[{172}] In the male florets of certain Compositæ the style functions merely as a piston for forcing out the pollen.
[{173}] «On the back of the page is the following.» If abortive organs are a trace preserved by hereditary tendency, of organ in ancestor of use, we can at once see why important in natural classification, also why more plain in young animal because, as in last section, the selection has altered the old animal most. I repeat, these wondrous facts, of parts created for no use in past and present time, all can by my theory receive simple explanation; or they receive none and we must be content with some such empty metaphor, as that of De Candolle, who compares creation to a well covered table, and says abortive organs may be compared to the dishes (some should be empty) placed symmetrically!
[{174}] The author doubtless meant that the complex relationships between organisms can be roughly represented by a net in which the knots stand for species.
[{175}] Between the lines occurs:—“one «?» form be lost.”

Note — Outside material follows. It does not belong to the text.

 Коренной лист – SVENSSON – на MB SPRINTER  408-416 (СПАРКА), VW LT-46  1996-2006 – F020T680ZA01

[{176}] The original sentence is here broken up by the insertion of:—“out of the dust of Java, Sumatra, these «?» allied to past and present age and «illegible», with the stamp of inutility in some of their organs and conversion in others.”
[{177}] Between the lines occur the words:—“Species vary according to same general laws as varieties; they cross according to same laws.”

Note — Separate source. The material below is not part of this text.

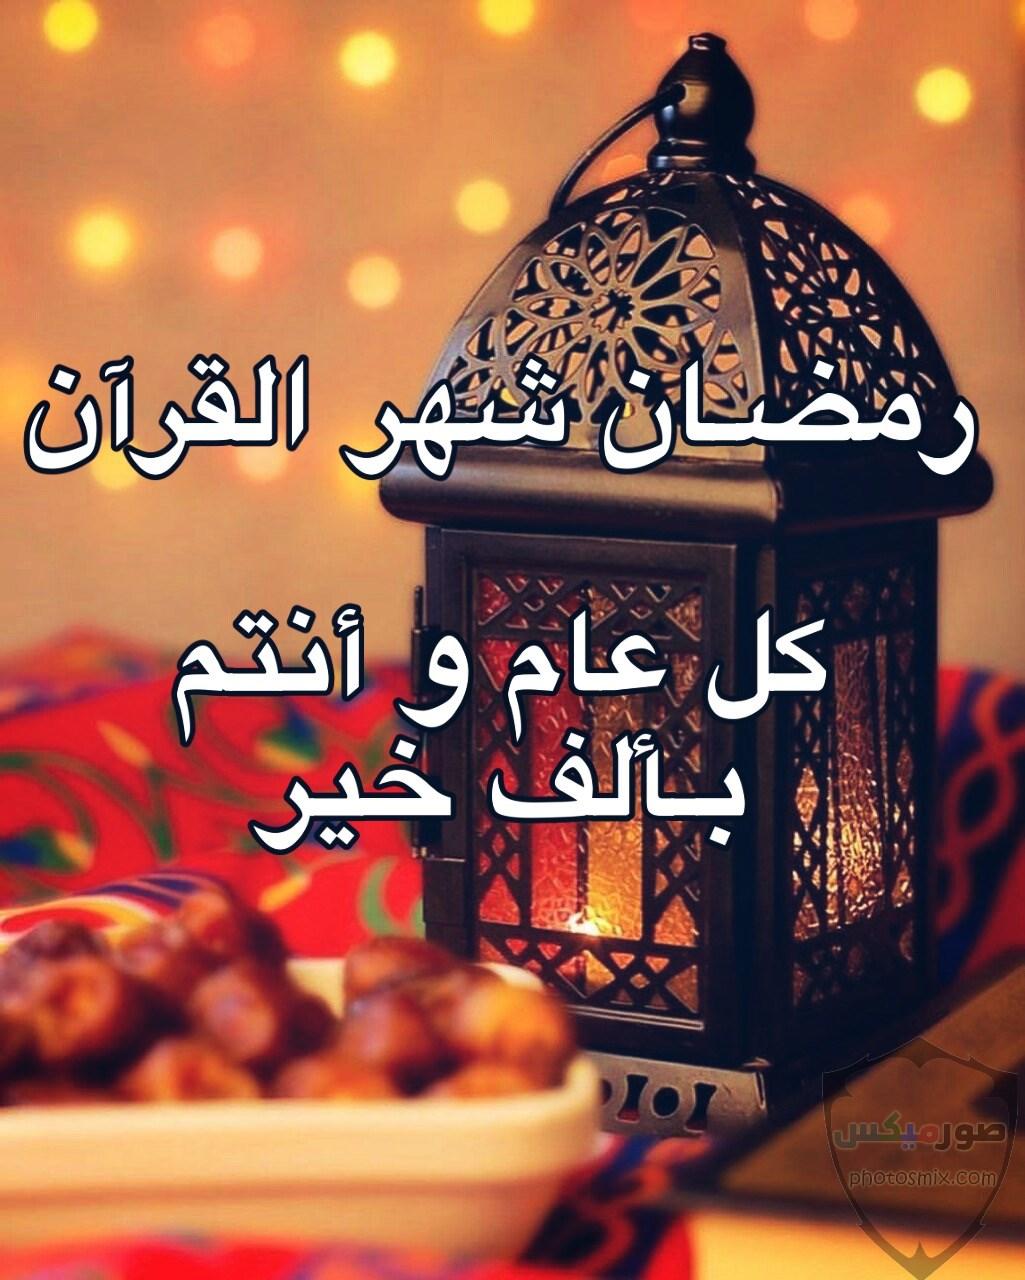 صور تهنئة بمناسبة رمضان 2020 4

[{178}] “A cross with a bull-dog has affected for many generations the courage and obstinacy of greyhounds,” Origin, Ed. i. p. 214, vi. p. 327.
[{179}] The simile of the savage and the ship occurs in the Origin, Ed. i. p. 485, vi. p. 665.
[{180}] In the Origin, Ed. i. p. 486, vi. p. 665, the author speaks of the “summing up of many contrivances”: I have therefore introduced the above words which make the passage clearer. In the Origin the comparison is with “a great mechanical invention,”—not with a work of art.
[{181}] See a similar passage in the Origin, Ed. i. p. 487, vi. p. 667.